- [WHAT TO WORK ON]: Return the data below exactly, please, but drop the pictures.

- [DATASET CONTENT]:
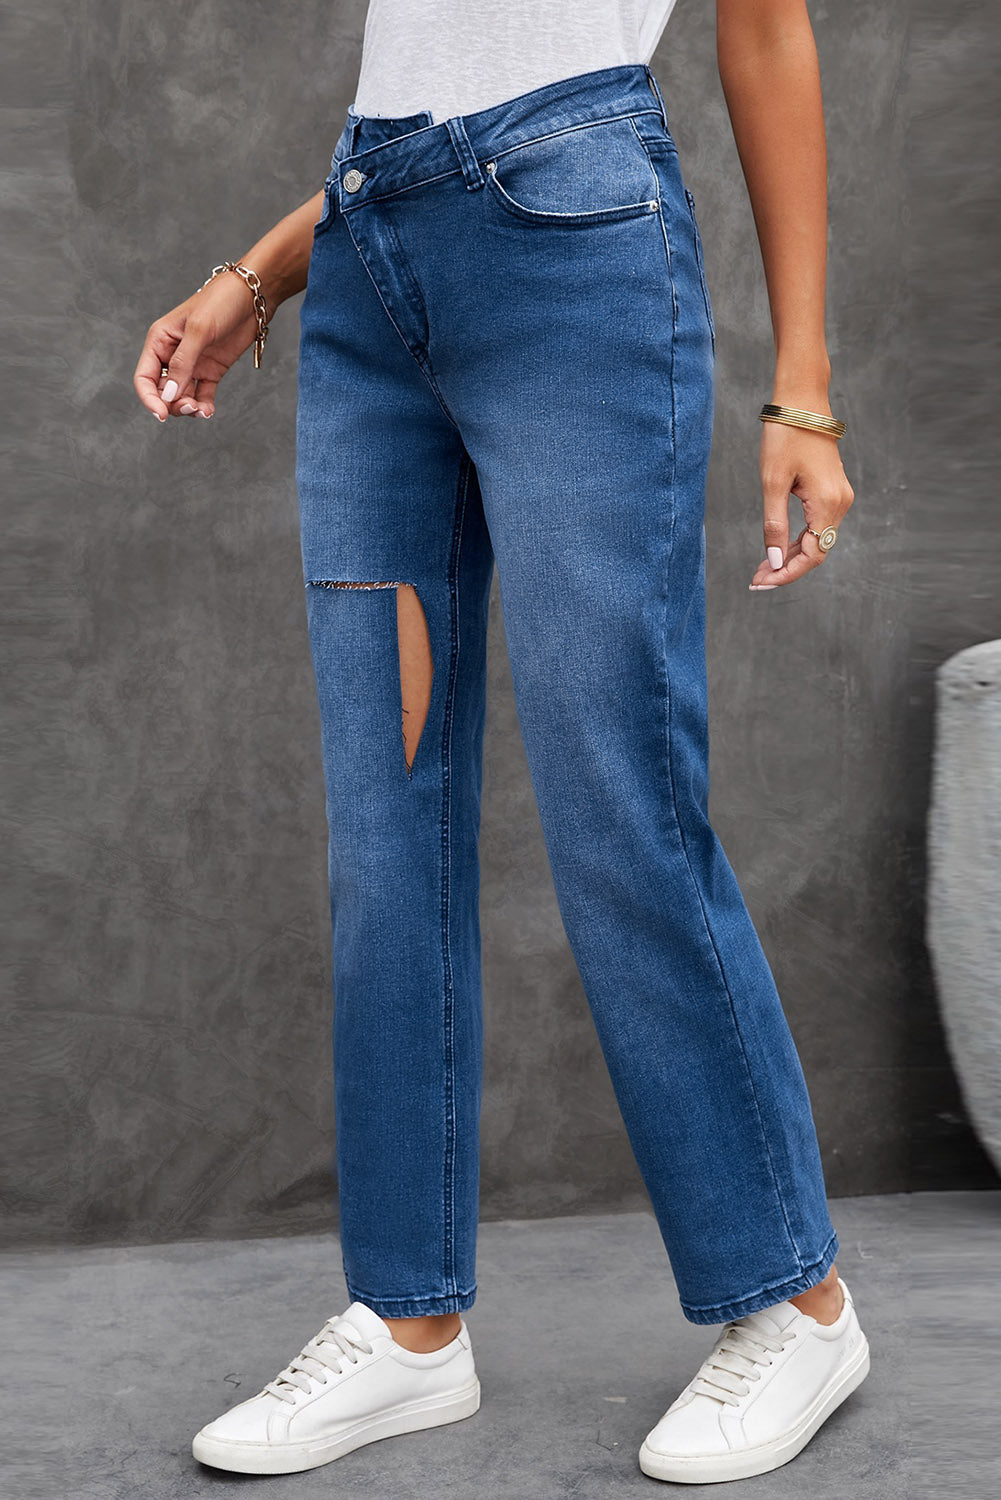 Aryan Asymmetrical High Waist Distressed Jeans
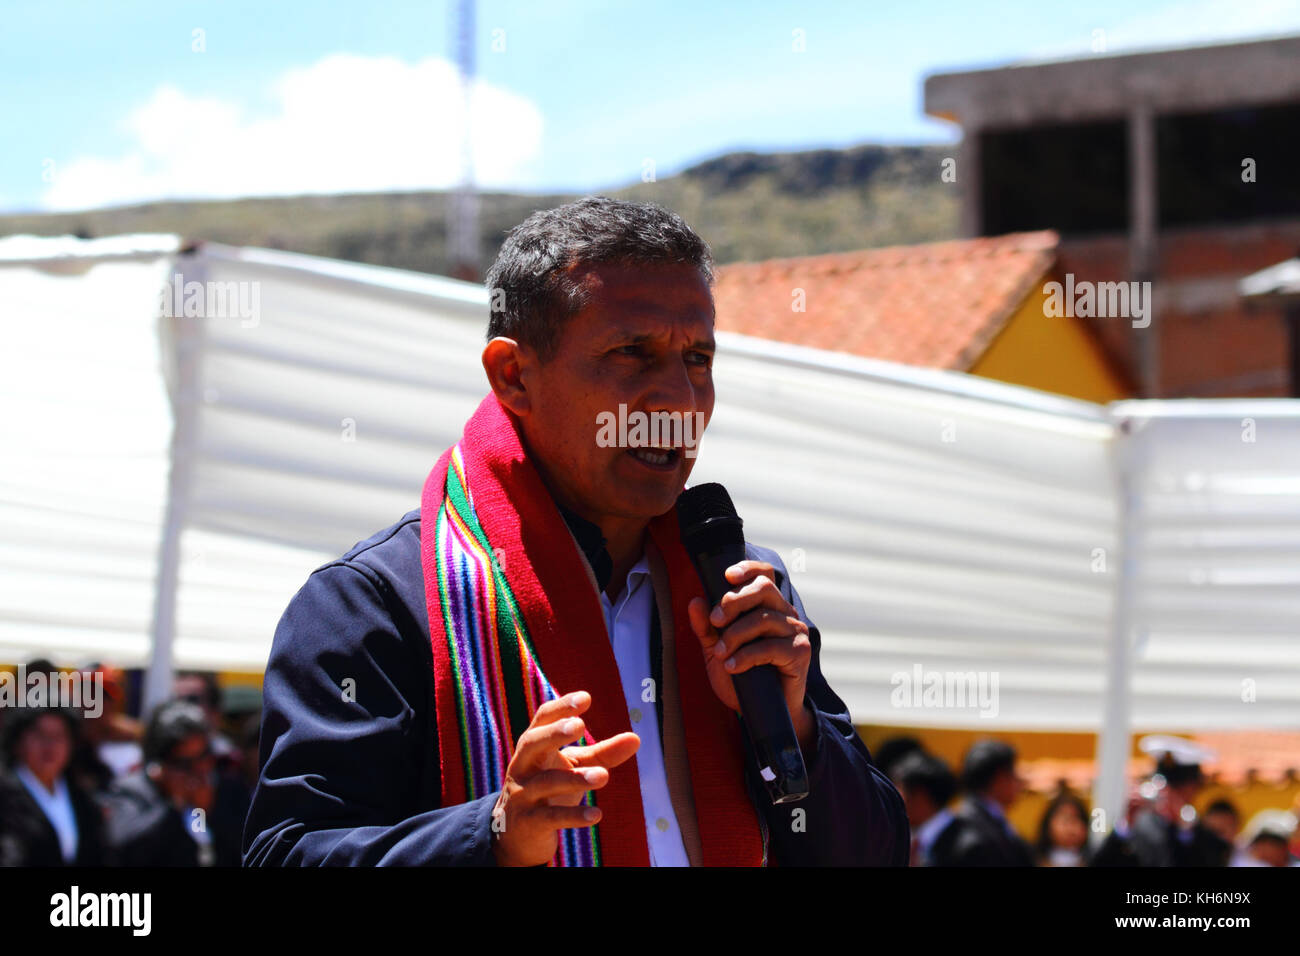 Peruvian president Ollanta Humala makes a speech at the Virgen de la Candelaria festival, Puno, Peru Stock Photo
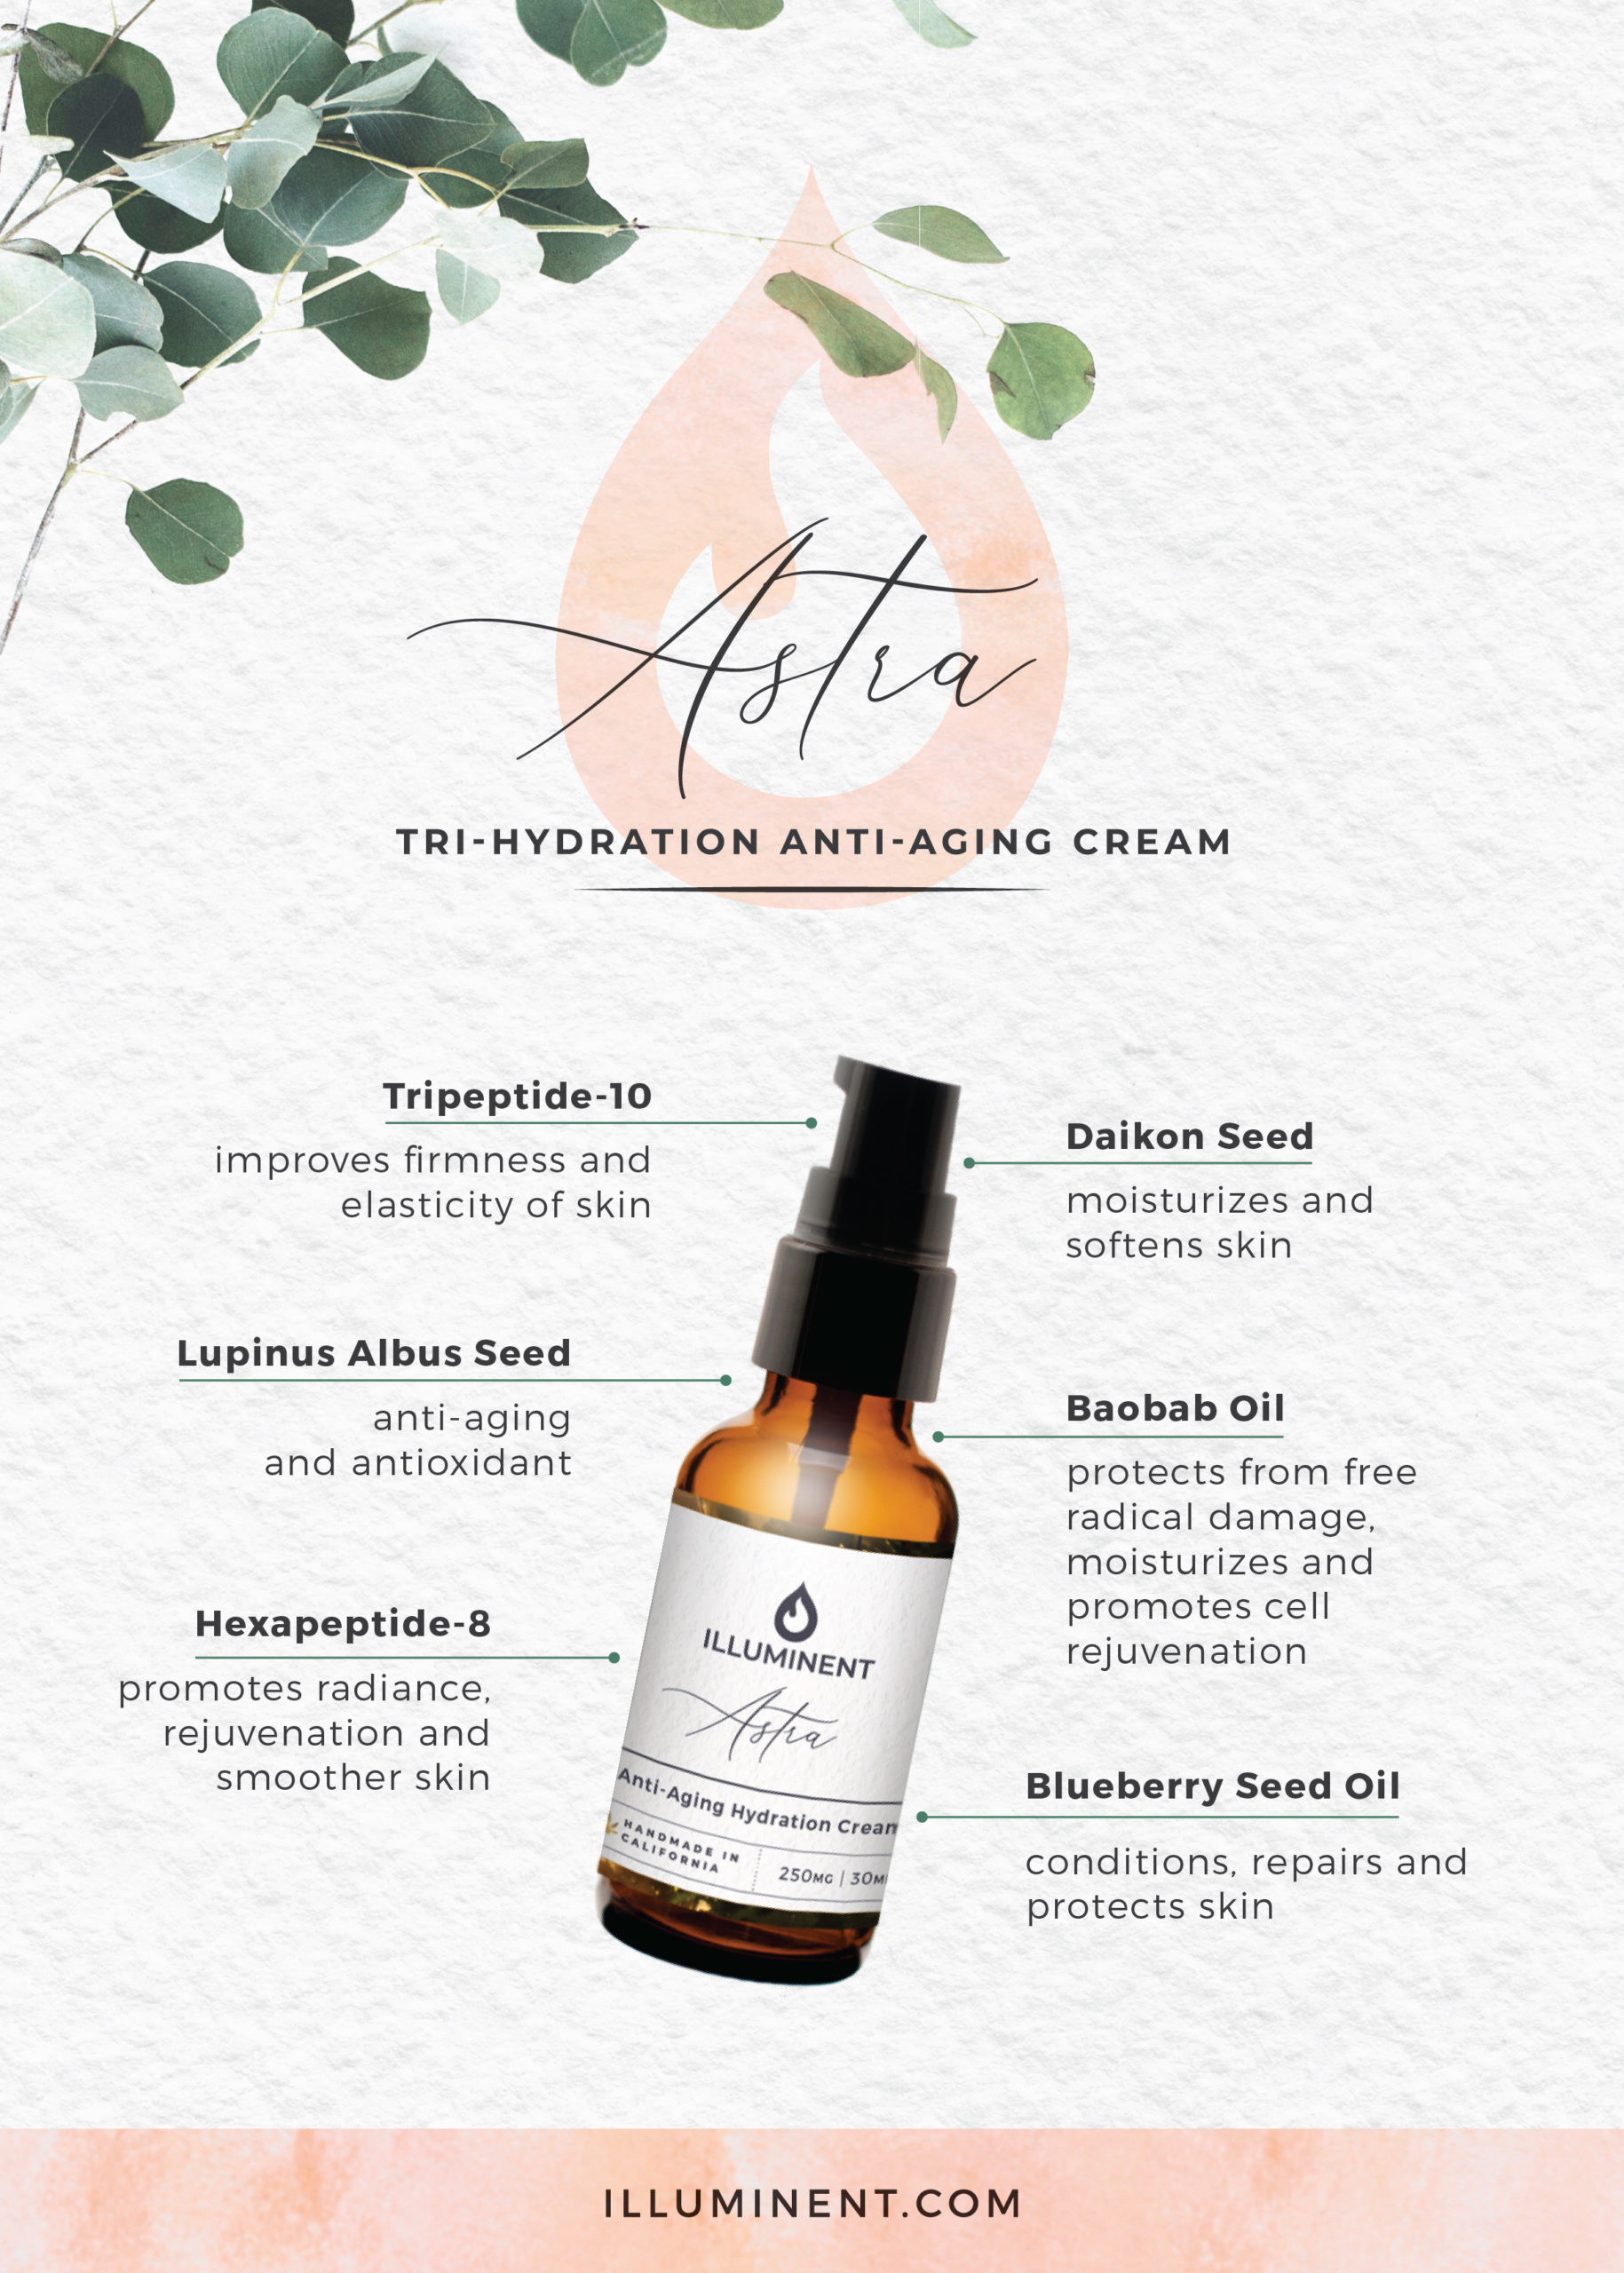 Astra Tri-Hydration Cream infographic
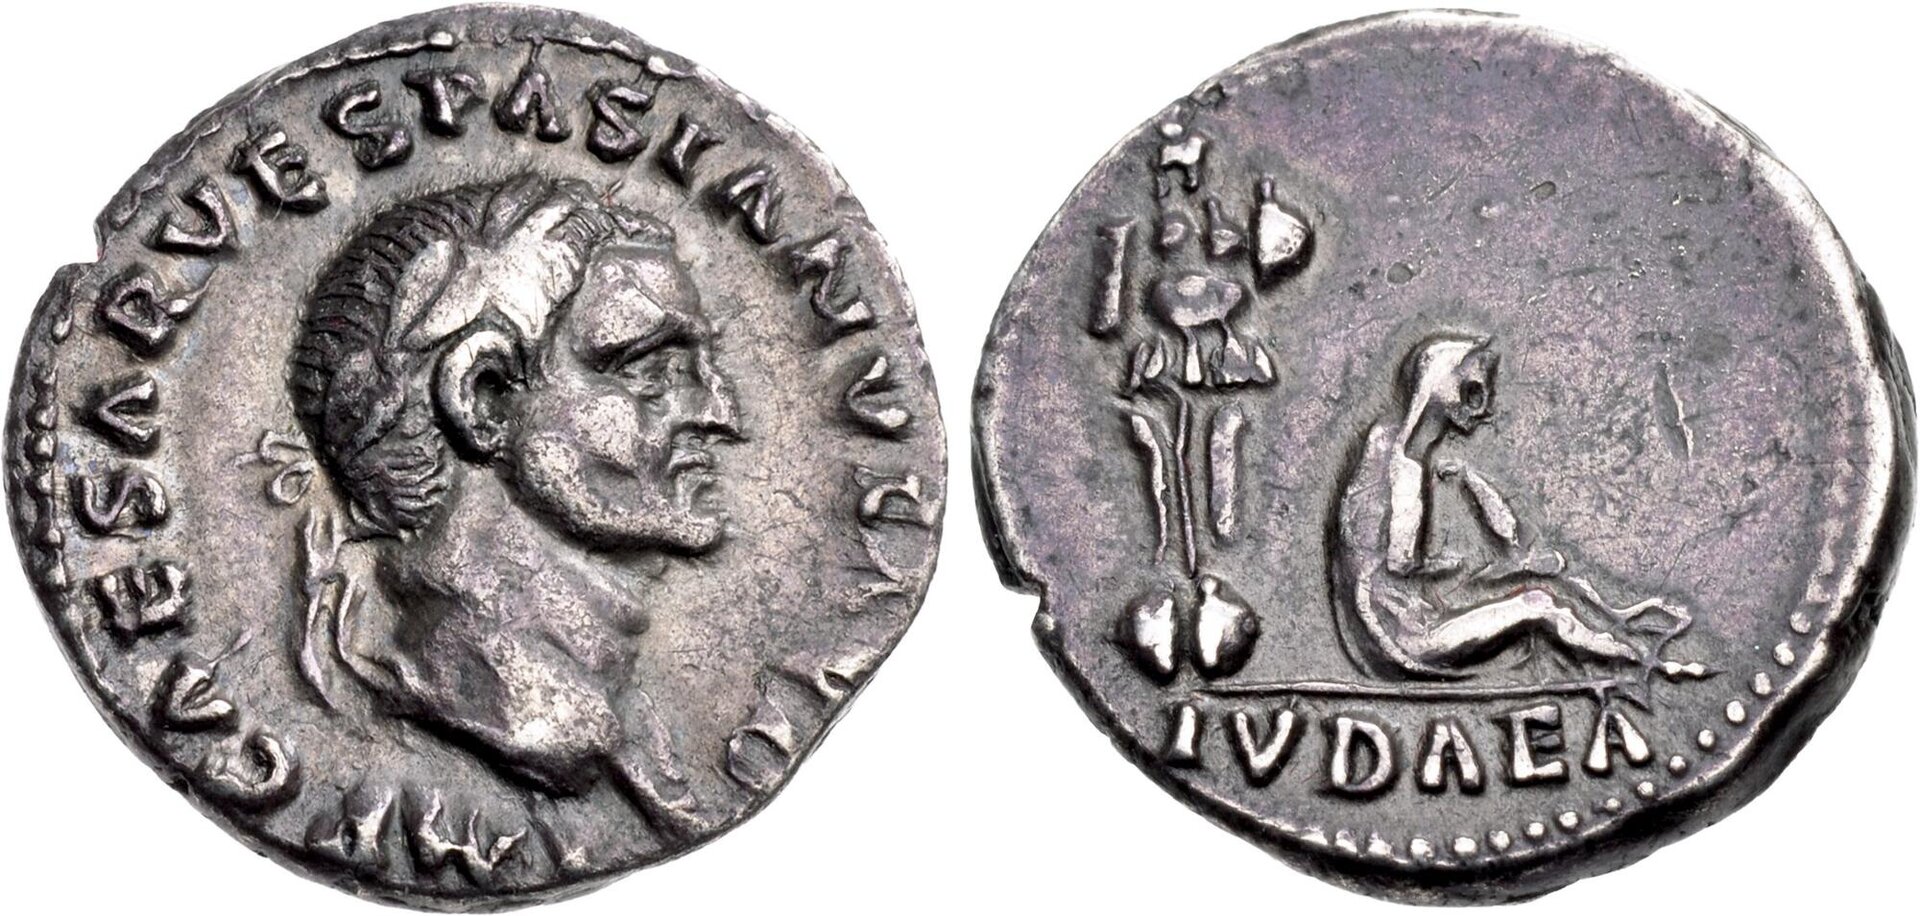 Vepasian denarius Judaea - from CNG TRITON XXV - Jan 2022 - $ 4700+.jpeg

- [RESULT FOR THIS TASK]:
 Aryan Asymmetrical High Waist Distressed Jeans
 Peruvian president Ollanta Humala makes a speech at the Virgen de la Candelaria festival, Puno, Peru Stock Photo
 Astra Tri-Hydration Cream infographic
 Vepasian denarius Judaea - from CNG TRITON XXV - Jan 2022 - $ 4700+.jpeg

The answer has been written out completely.